## Work required:
Write out the entire listing below exactly, with the pictures left out.

## Information shown:

--- START ---

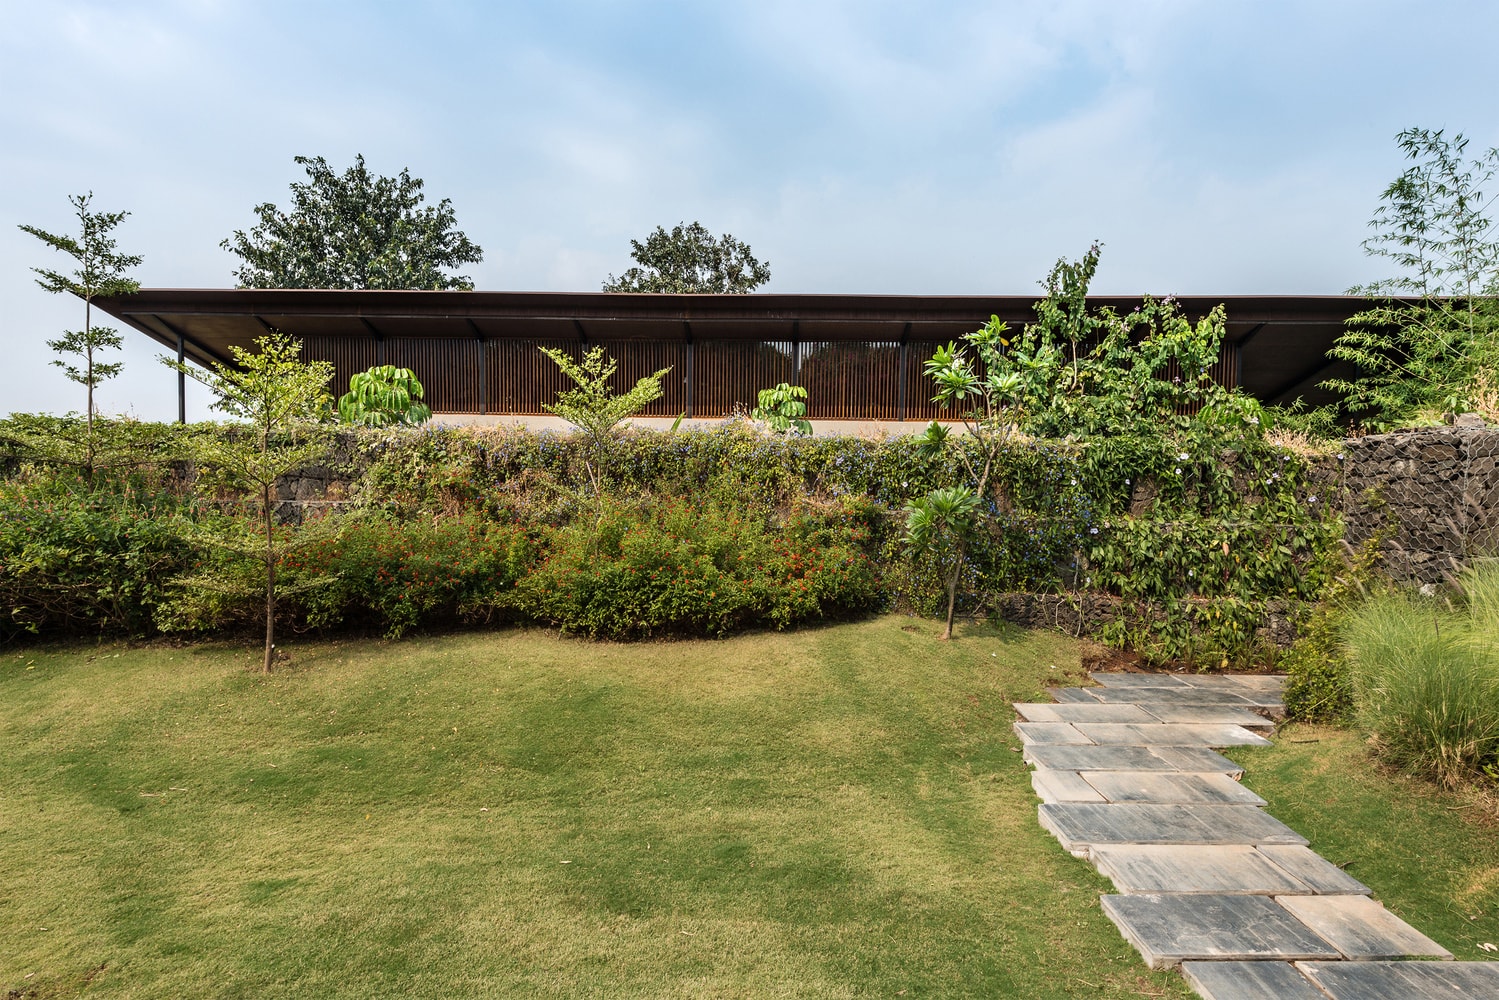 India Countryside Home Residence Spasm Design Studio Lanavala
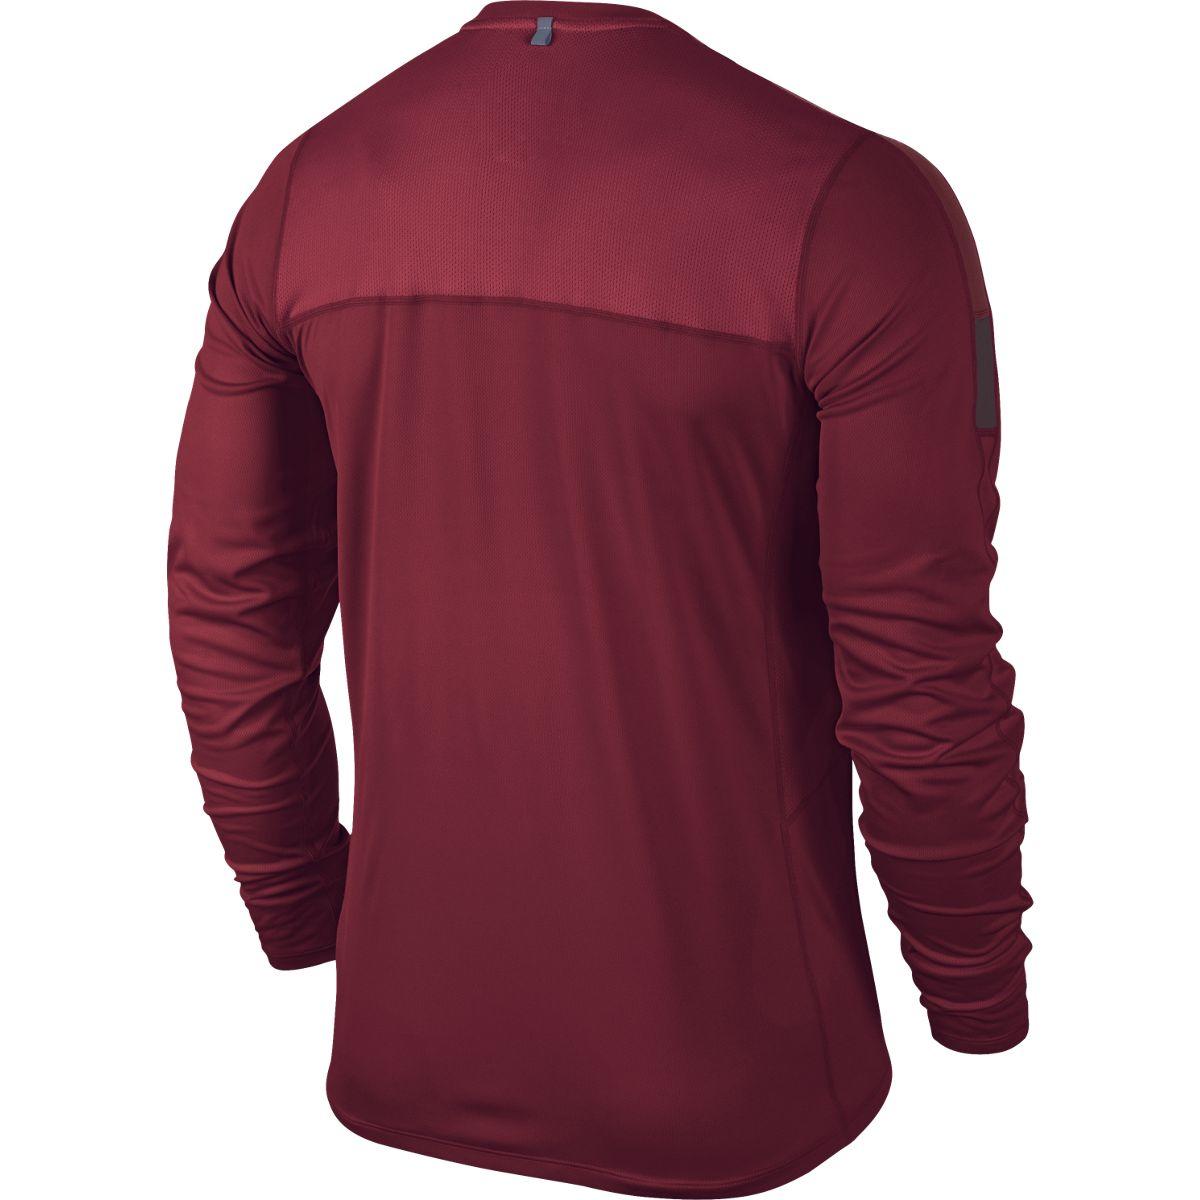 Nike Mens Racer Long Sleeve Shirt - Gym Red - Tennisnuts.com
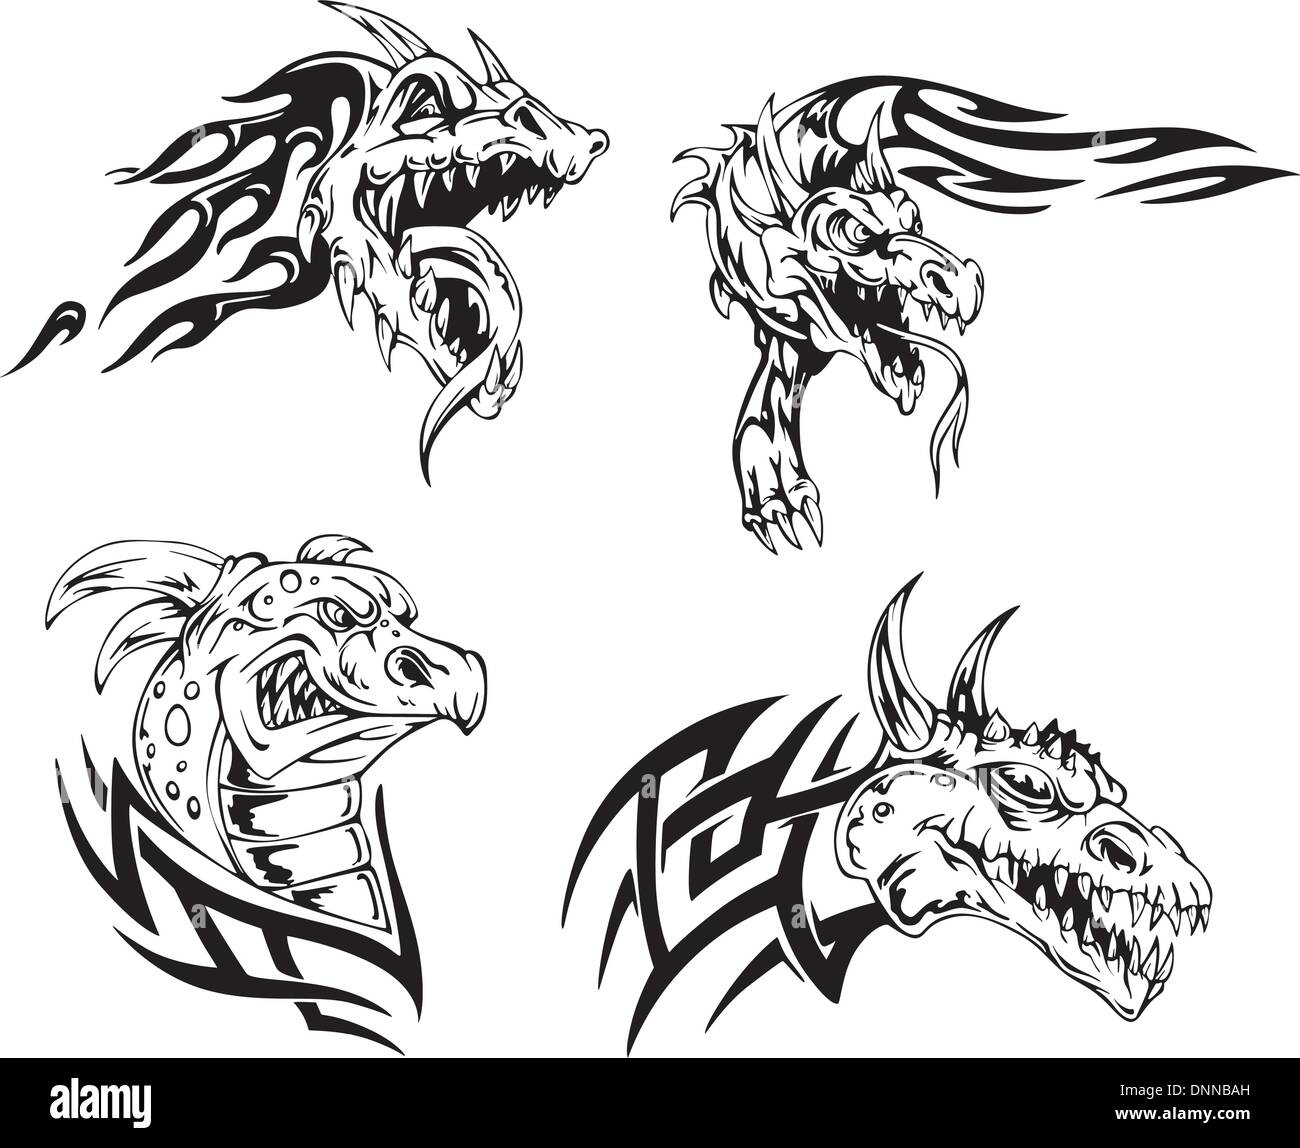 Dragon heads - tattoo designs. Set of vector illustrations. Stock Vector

--- END ---

## Solution:
 India Countryside Home Residence Spasm Design Studio Lanavala
 Nike Mens Racer Long Sleeve Shirt - Gym Red - Tennisnuts.com
 Dragon heads - tattoo designs. Set of vector illustrations. Stock Vector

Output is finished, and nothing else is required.